Dry4Good déshydrate déjà une vingtaine d'ingrédients : des fruits et des légumes, des aromates et des champignons. (Crédits : DR)
La startup a développé un procédé de déshydratation permettant d'éviter l'ajout de produits "fonctionnels". Il a déjà attiré des clients industriels dans les secteurs du lait, des compléments alimentaires, des snacks apéritifs, des taboulés et des préparations pour la restauration collective.

L'idée est partie d'un constat : celui de la méfiance croissante de la part des consommateurs vis-à-vis des produits alimentaires industriels, dont les recettes complexes, remplies de sigles qui indiquent des additifs, manquent de transparence. Une suspicion à l'origine du succès d'applis telles que Yuka, qui simplifient le choix dans les rayons des supermarchés en proposant des notes synthétiques de la qualité des produits, et qui a déjà incité plusieurs marques à revisiter leur offre.

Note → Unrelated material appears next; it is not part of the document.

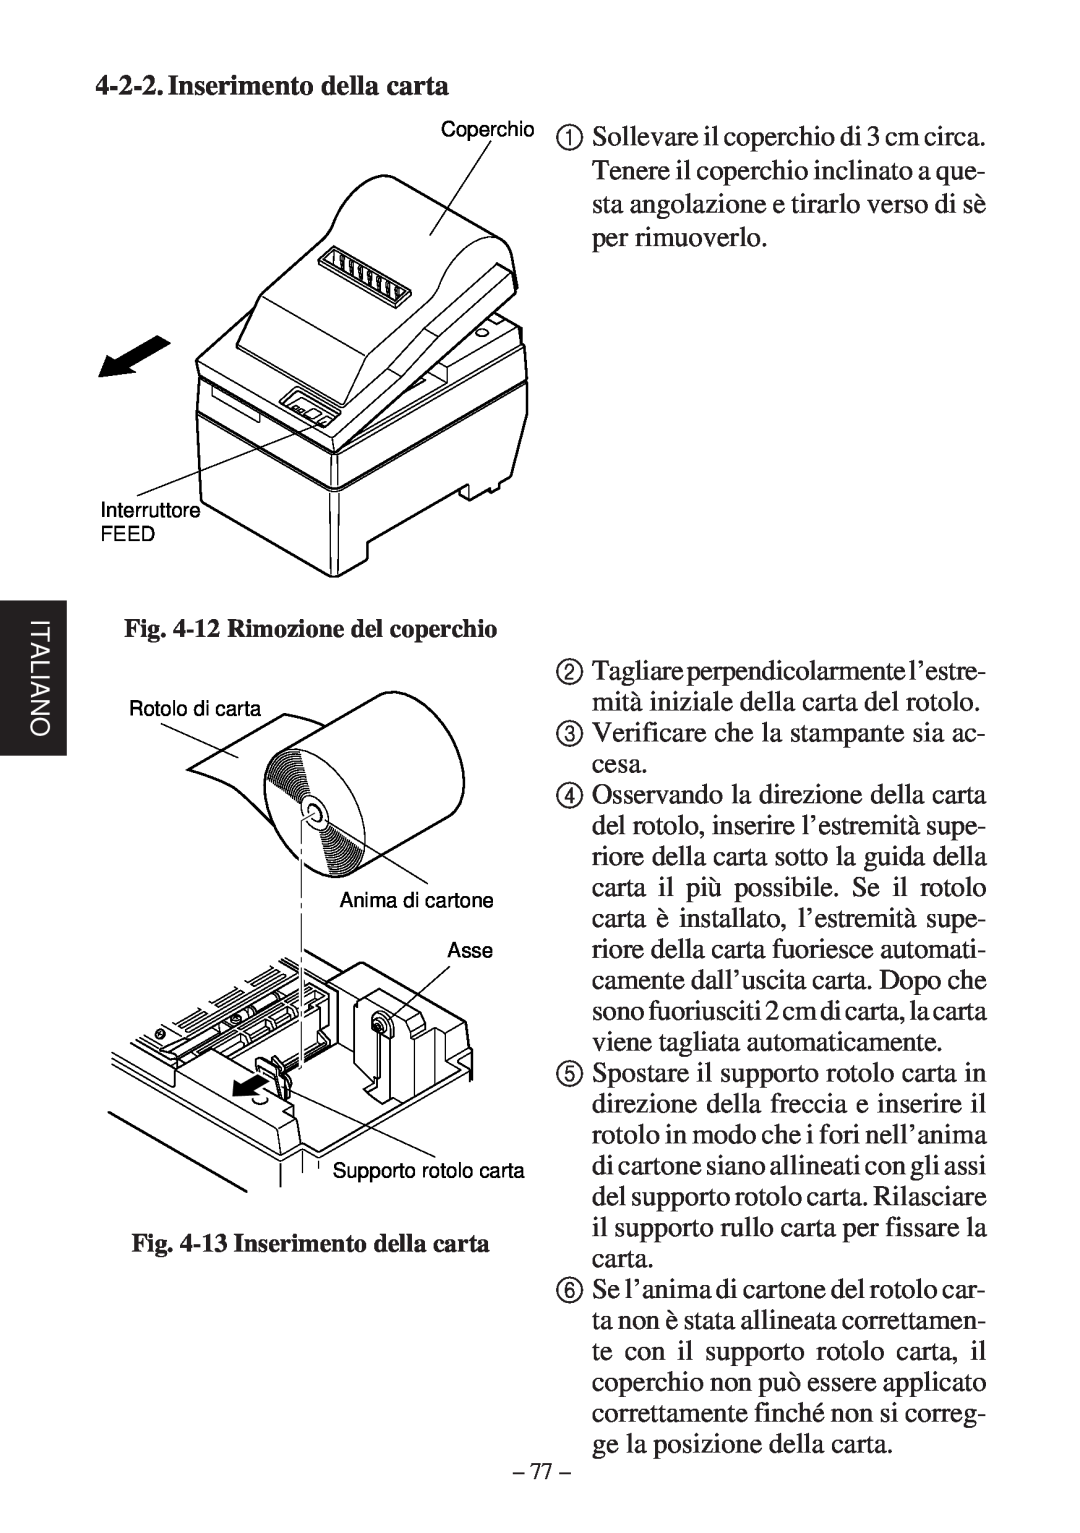 Star Micronics SP200F user manual 12 Rimozione del coperchio, 13 Inserimento della carta

Romaric Janssen, qui jusqu'en 2019 travaillait dans le secteur agroalimentaire, se dit alors que pour ceux qui seront capables de proposer aux industriels des solutions leur permettant de simplifier leurs recettes, il y a un marché à prendre. Il connaît en effet le cercle vicieux qui conduit à cette multiplication des ingrédients artificiels. La logistique comme les procédés industriels imposent de remplacer nombre d'aliments...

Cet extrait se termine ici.